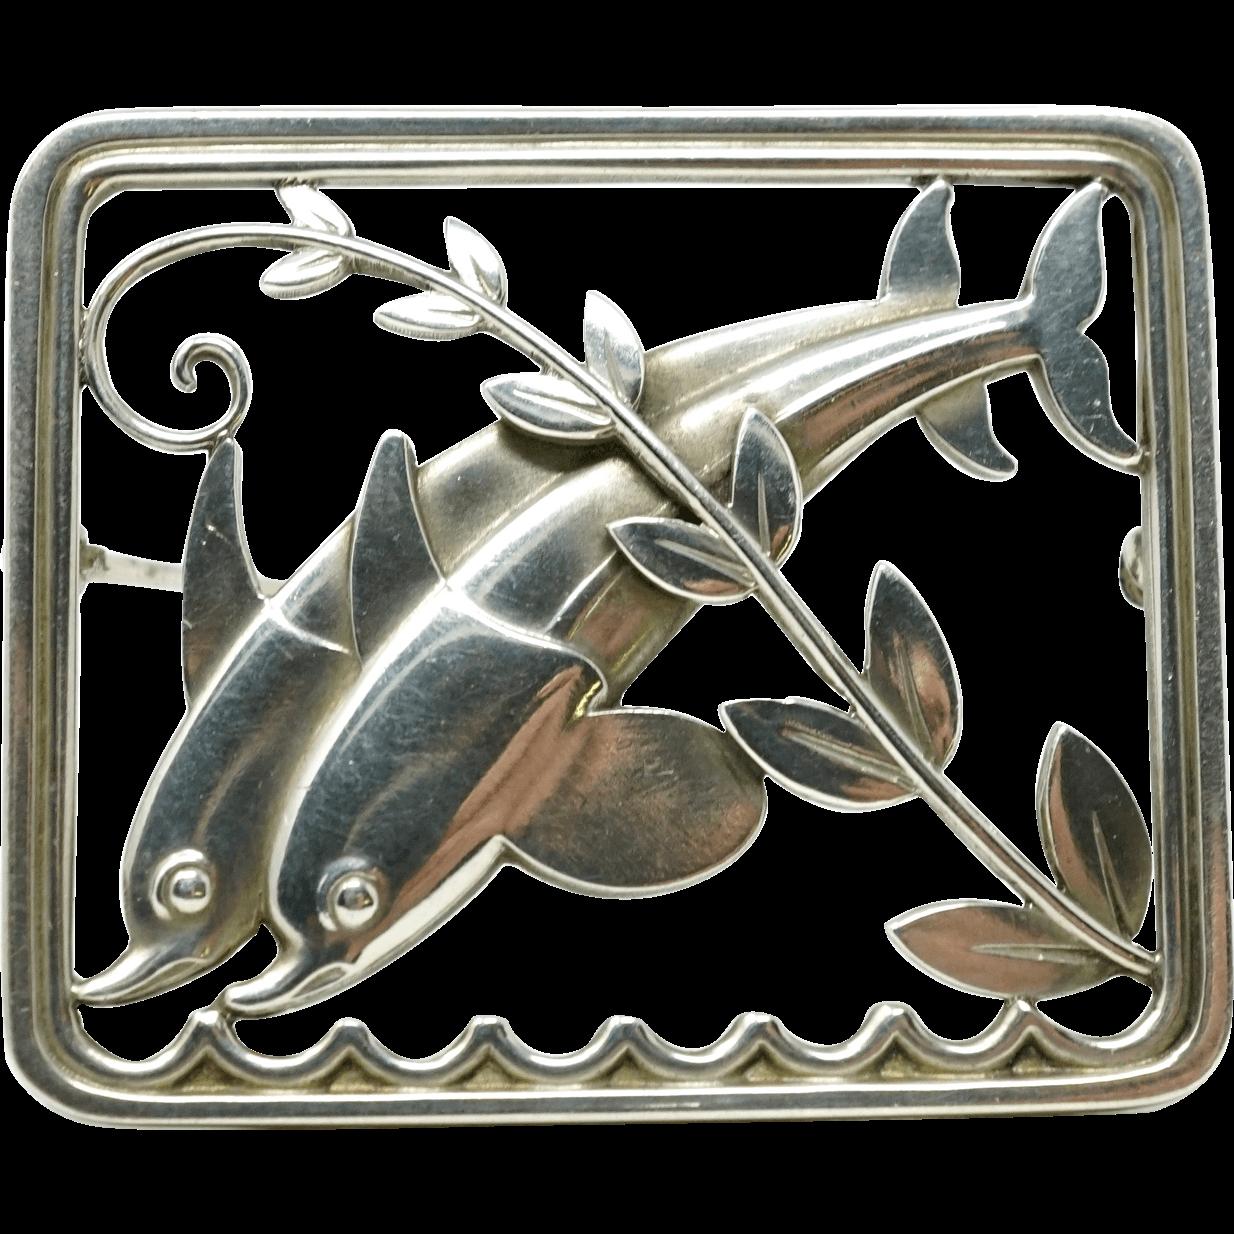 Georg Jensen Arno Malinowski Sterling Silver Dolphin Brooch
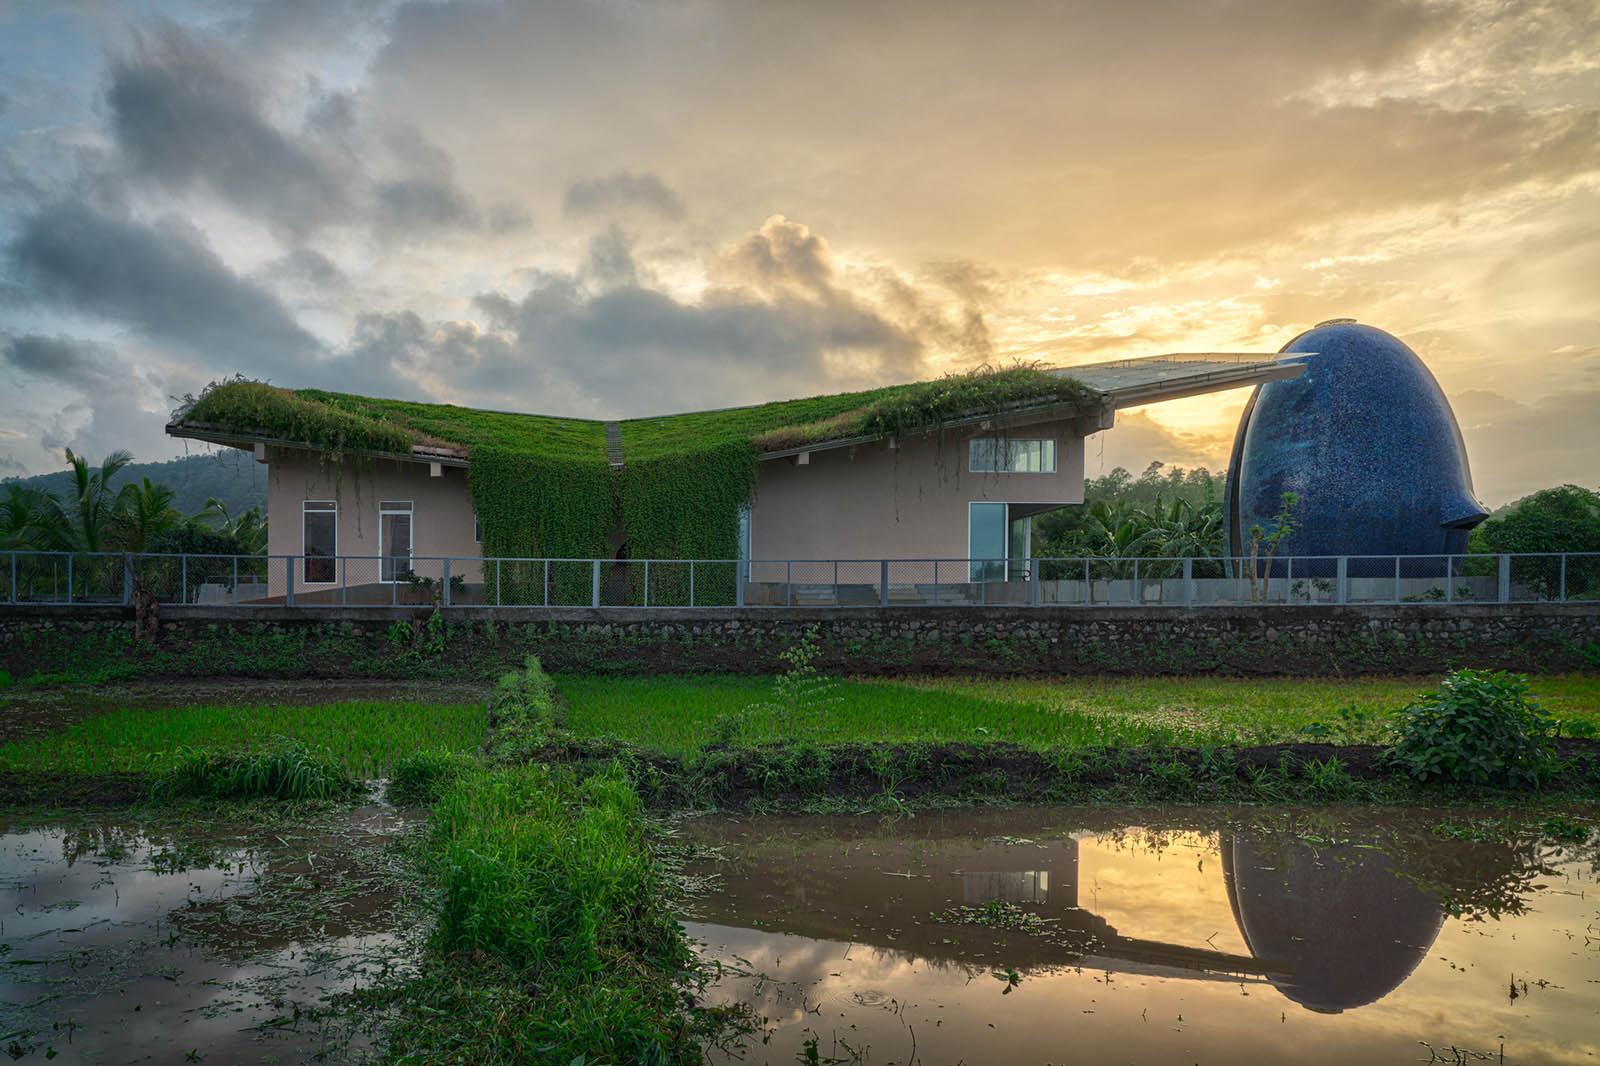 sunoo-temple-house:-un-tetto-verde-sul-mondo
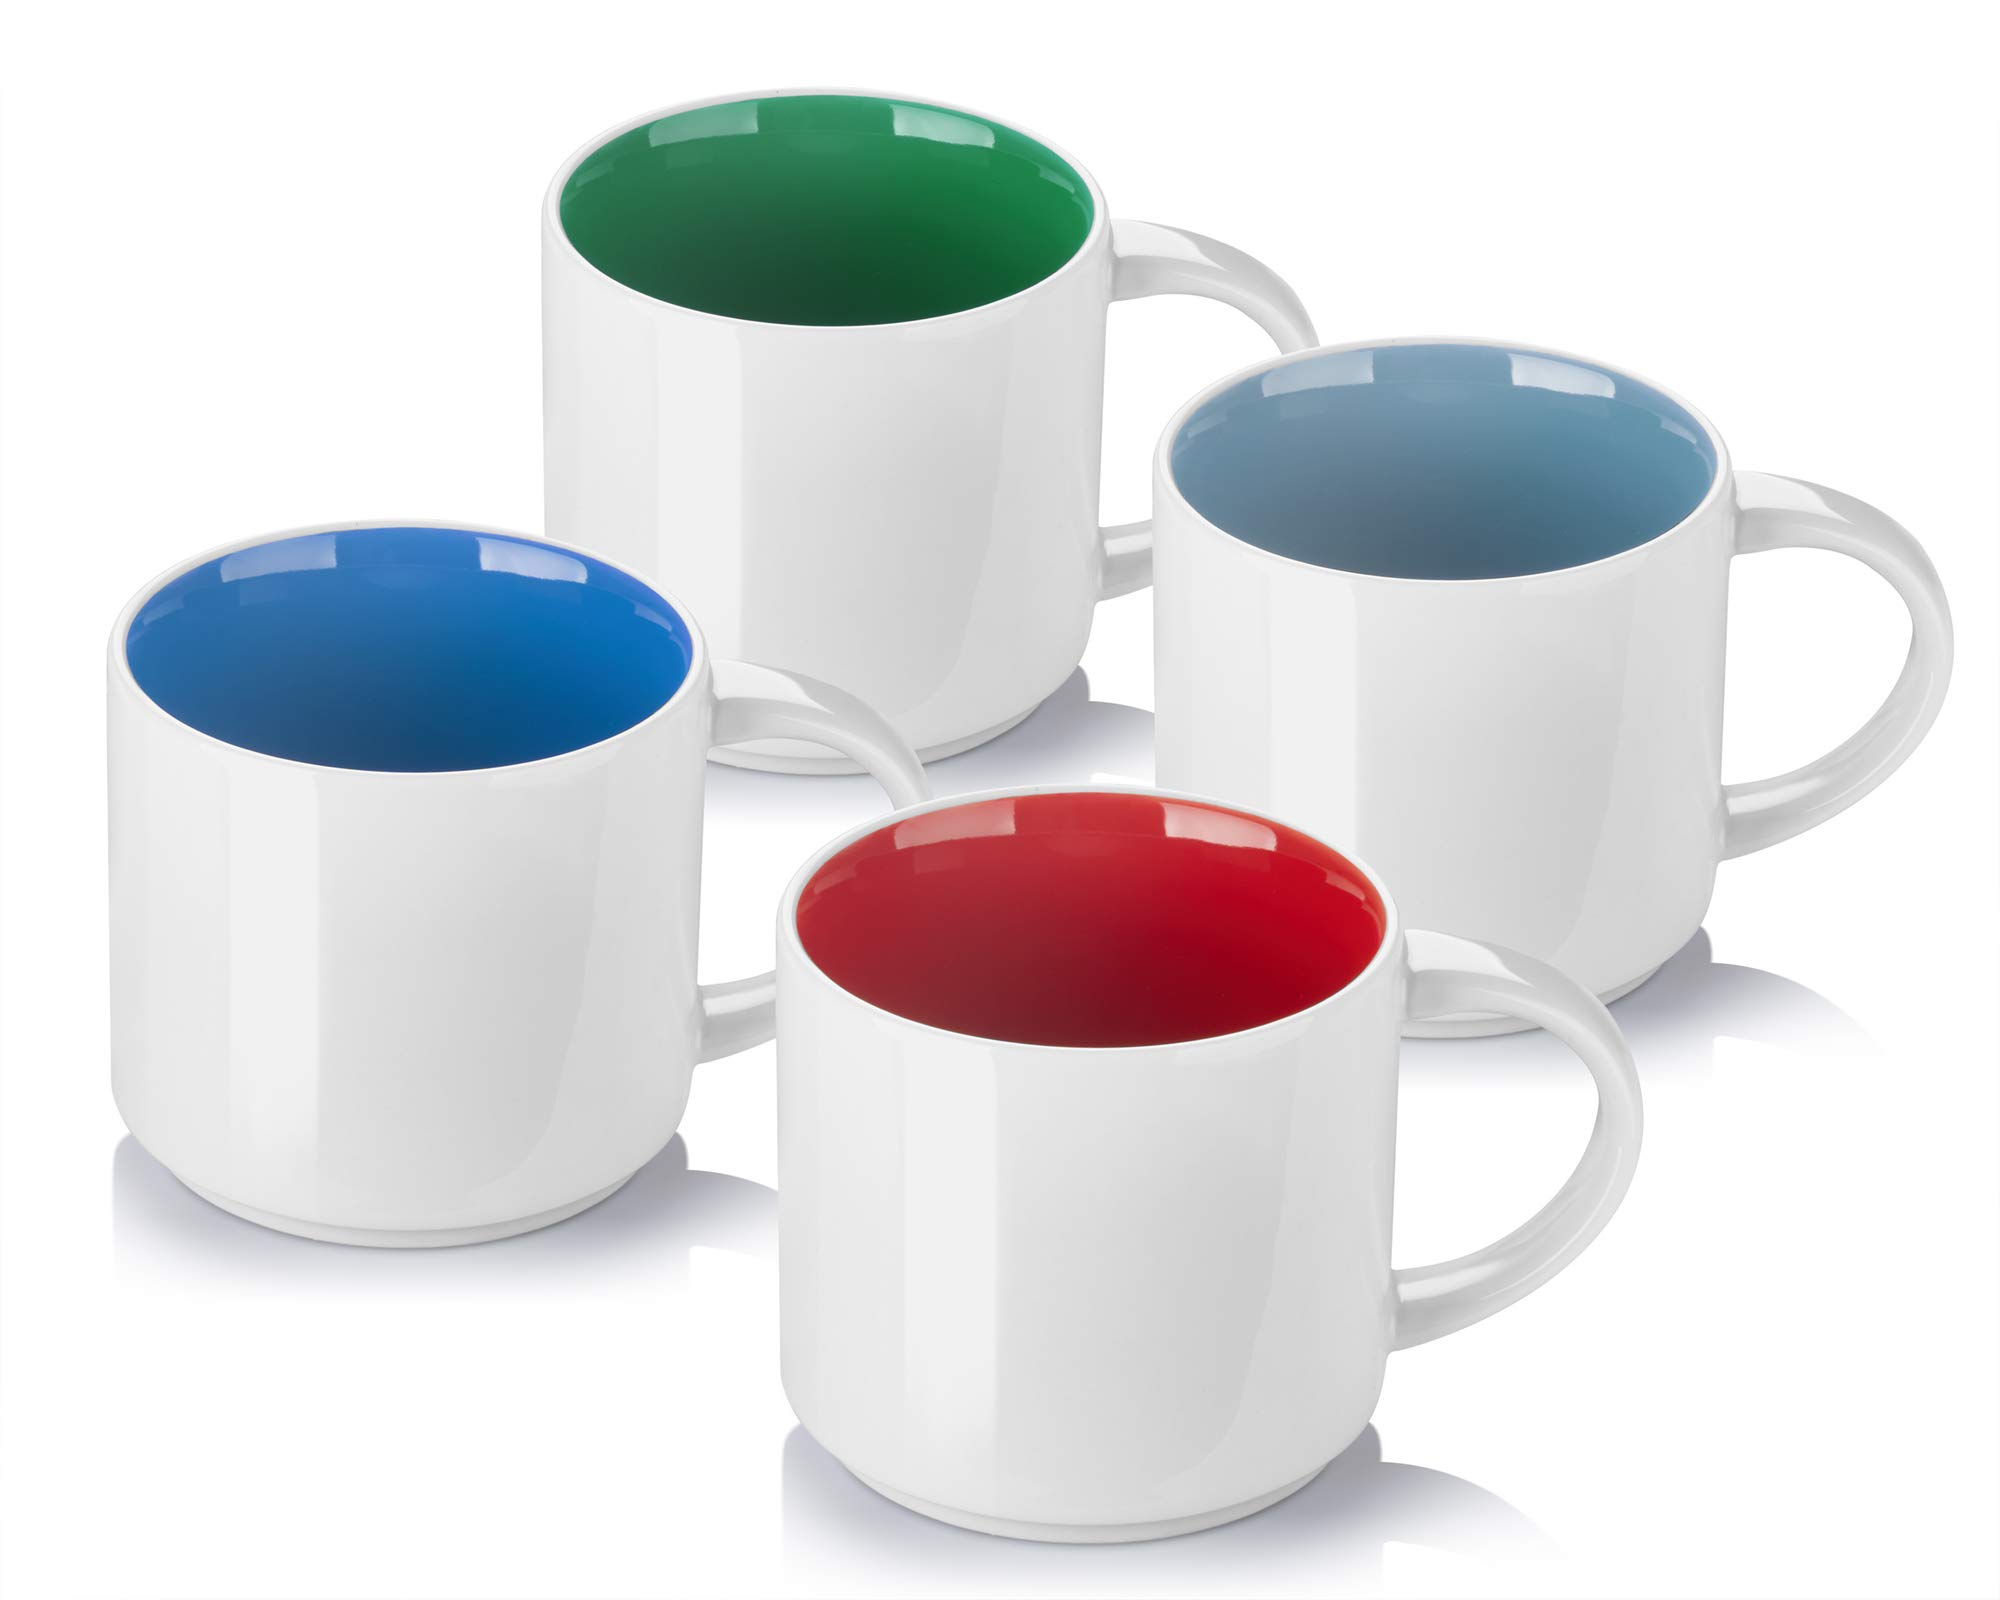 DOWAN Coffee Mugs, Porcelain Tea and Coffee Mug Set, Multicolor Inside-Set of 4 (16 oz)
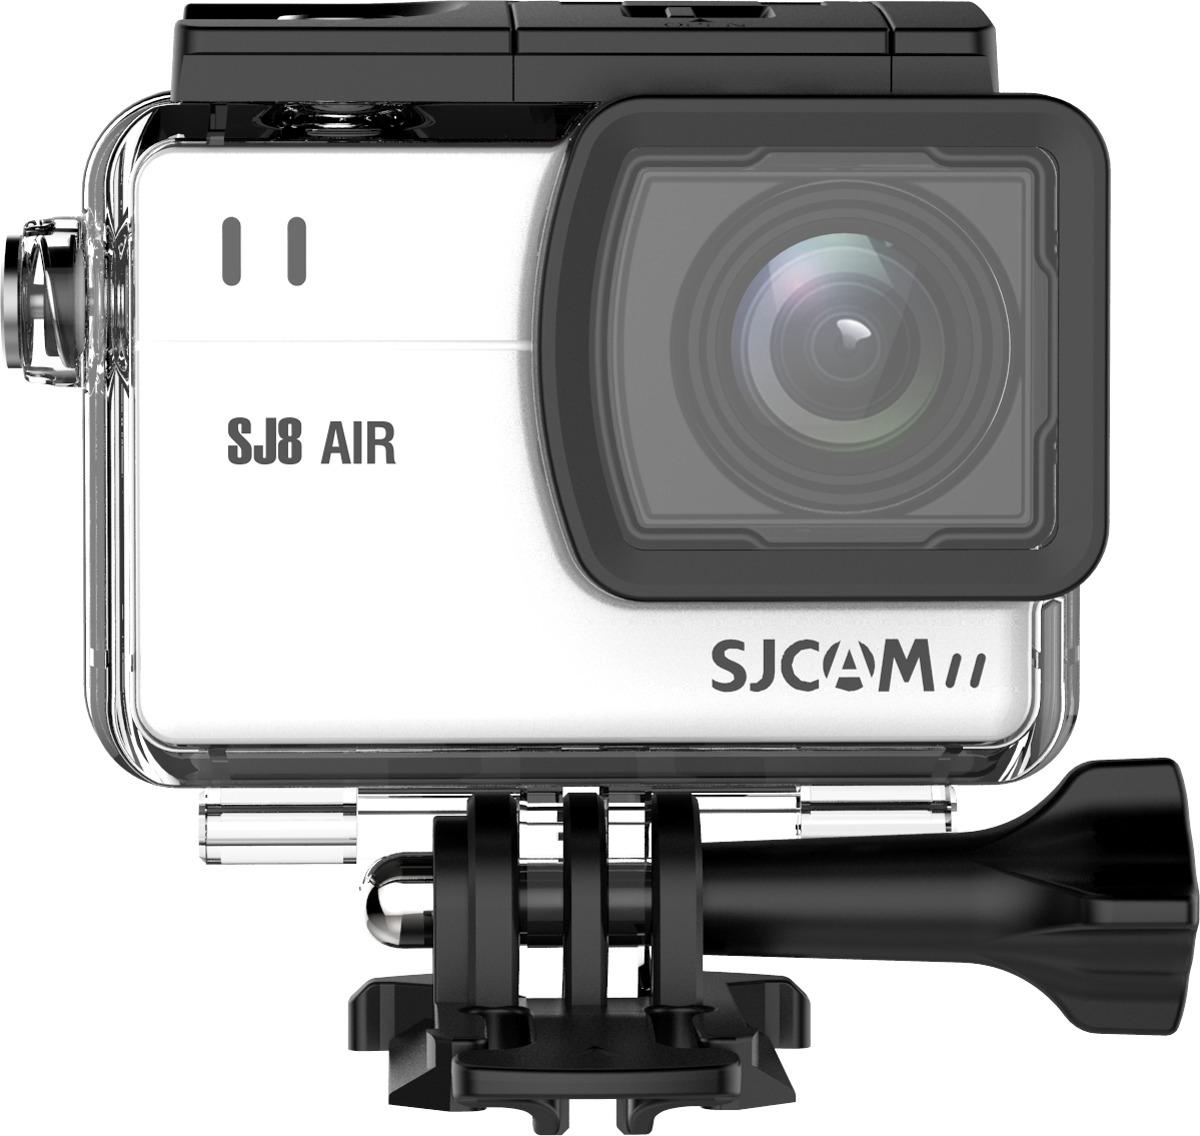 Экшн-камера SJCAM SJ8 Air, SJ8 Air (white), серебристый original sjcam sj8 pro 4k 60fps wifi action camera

•••

### ACTION ITEM
Beginning with the line that contains "sunoo-temple-house:-un-tetto-verde-sul-mondo" in the data above, please copy each line exactly until the last line, both ends included, skipping any pictures.

### ANSWER SPACE
 sunoo-temple-house:-un-tetto-verde-sul-mondo
 DOWAN Coffee Mugs, Porcelain Tea and Coffee Mug Set, Multicolor Inside-Set of 4 (16 oz)
 Экшн-камера SJCAM SJ8 Air, SJ8 Air (white), серебристый original sjcam sj8 pro 4k 60fps wifi action camera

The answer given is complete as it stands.